W ACA Signups Charles Gaba śledził proponowane podwyżki stóp na 2017 r. I ważył je w oparciu o udział w rynku każdego przewoźnika. Wynik - pod koniec lipca, w 37 stanach i Dystrykcie Kolumbii - wynosi średnio prawie 23 procent. Ale znowu odnosi się to tylko do indywidualnego rynku; dla ponad 94 procent Amerykanów proponowane podwyżki stawek nie mają zastosowania.
Stawki nie są sfinalizowane
W prawie każdym stanie, organy nadzoru wciąż przeglądają stawki, które ubezpieczyciele zdrowotni złożyli na rok 2017. Kalifornia i Oregon sfinalizowały proces oceny stóp procentowych w lipcu 2016 r., Ale wiele państw nie zakończy tego procesu do września lub października.
W czterech stanach (Missouri, Oklahoma, Texas i Wyoming) rząd federalny odpowiada za proces oceny stóp na rynkach indywidualnych i małych grup (Alabama przejął własny proces oceny stóp od kwietnia 2016 r., A Missouri rozpocznie obsługa własnego procesu oceny stawek od 2017 r.).
Reszta stanów i Dystrykt Kolumbii prowadzą własne oceny stawek, ale zakres tych ocen różni się znacznie w zależności od stanu.
Wiele państw apeluje o publiczne komentowanie proponowanych podwyżek, a niektórzy organizują publiczne przesłuchania w celu omówienia propozycji stawek i zebrania informacji zwrotnych od konsumentów.
Regulatorzy nie mają magicznych różdżek
Chociaż proponowane stawki ubezpieczenia zdrowotnego są kontrolowane przez organy regulacyjne, zatwierdzone podwyżki stóp mogą nadal być znacznie wyższe niż konsumenci mogą się spodziewać. Jeżeli proponowane stawki są uzasadnione aktuarialnie na podstawie kosztów roszczeń, niewiele może zrobić regulatorzy, aby obniżyć składki.
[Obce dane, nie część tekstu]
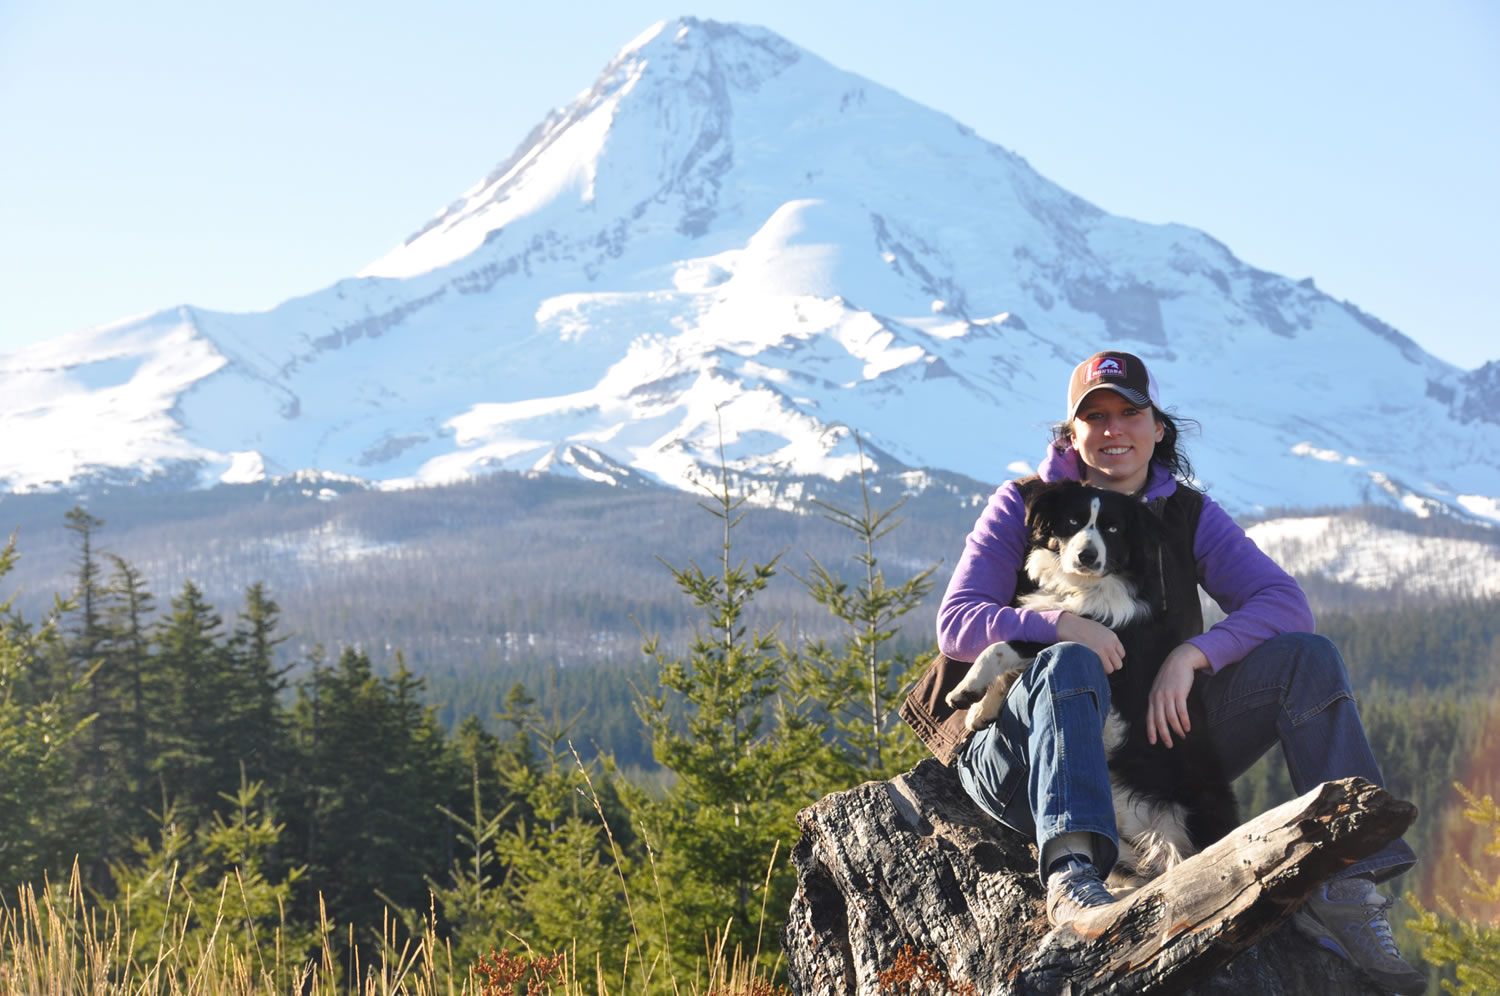 Erin Coburn of Vancouver and her dog, Stihl, pose for a photo after hiking though Mount Hood National Forest last winter to cut down a Christmas tree.

Chociaż aktuariusze stanu federalnego i federalnego przeczesują zgłoszenia stawek ubezpieczycieli w celu ustalenia, czy są one uzasadnione, niektóre stany nie mają uprawnień do odrzucania lub modyfikacji (w górę lub w dół, w zależności od danych) zgłoszeń stawek, które uznają za nieuzasadnione.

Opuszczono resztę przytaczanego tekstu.